Iterations of the Prisoner's Dilemma prove interesting things about what a "successful" strategy is. (See Axelrod, The Evolution of Co-operation). I would love to build a genetic algorithm to play the prisoner's dilemma, and see what evolves. (I know it has been done before, but I like DIY.)

It's all easy apart from the genetic algorithm bit. My scribbled notes suggest this - NB I am an amateur and don't have any academic background in the field:

Use 1 for cooperation, 0 for defection. The DNA is a string of elements which operate successively to come up with a final 1 or 0.

Start with 1. (Or 0 - does it matter?)

DNA letter meanings:

Ax - "and" with x
Ox - "or" with x
Sx - save in register, start again with x
"x" can be any of:
D - defect. 0.
C - cooperate. 1.
number - opponent's strategy in game played number rounds previously
number - own strategy in game played number rounds previously. This can be distinguished by e.g. using odd for opponent, even for self; or adding 100 to self. R - retrieve result from register

I know this wastes space and it should all be bit vectors or whatever, but ignore that. My questions:

Could it be simpler? Do I need a "register"?

Should it be more complicated? Will adding complications allow for more powerful solutions?

Related to the "register" issue: does a simple linear program like this allow for different priorities?
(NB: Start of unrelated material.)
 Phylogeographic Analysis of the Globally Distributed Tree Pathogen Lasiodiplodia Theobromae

To put it another way, can you express "(1 and 0) or 1" as well as "1 and (0 or 1)" without the brackets?

How "atomic" should individual DNA elements be? E.g. should an element mean "and" and be coupled with the next element (disadvantage - some mutations might "not work" at all) or should an element mean "and with such and such" (seems less flexible, easier to write though).
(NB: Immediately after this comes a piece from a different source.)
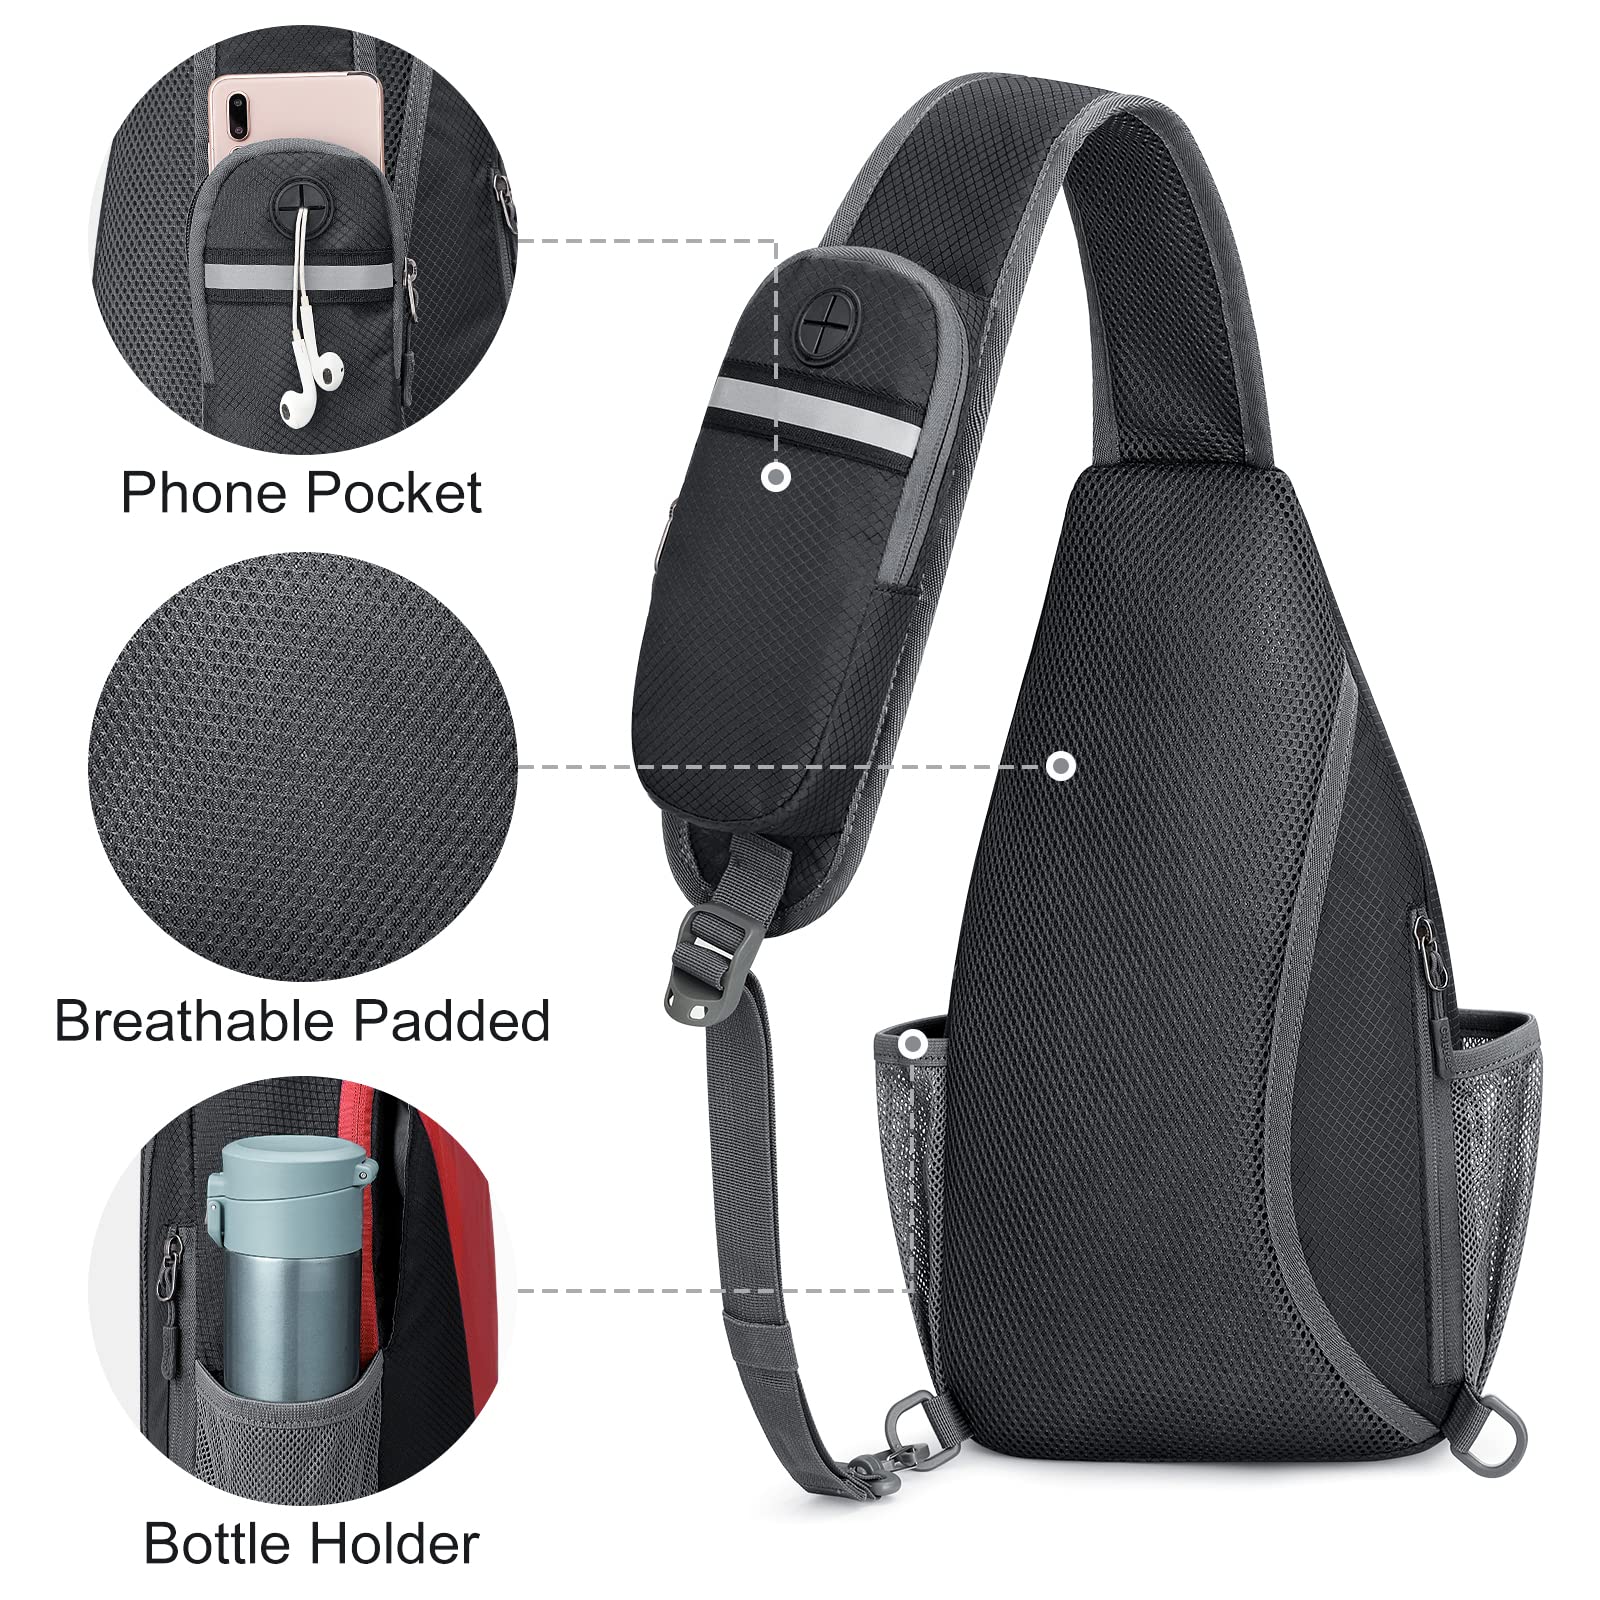 G4Free Sling Bag RFID Blocking Sling Backpack Crossbody Chest Bag Daypack  for Hiking Travel(Black)

A gene pool of 100 players all playing each other means 100*99 games (maths?) in a single generation. How can I make this bearably fast?

I'd be very interested to hear comments from people with a CS background.

best,
dave hj~

NB: I found this page describing Axelrod's work with this. He uses simple brute force rather than a "programming language" approach. The downside is each player can only remember the last 3 games, and this is built in. Clever though.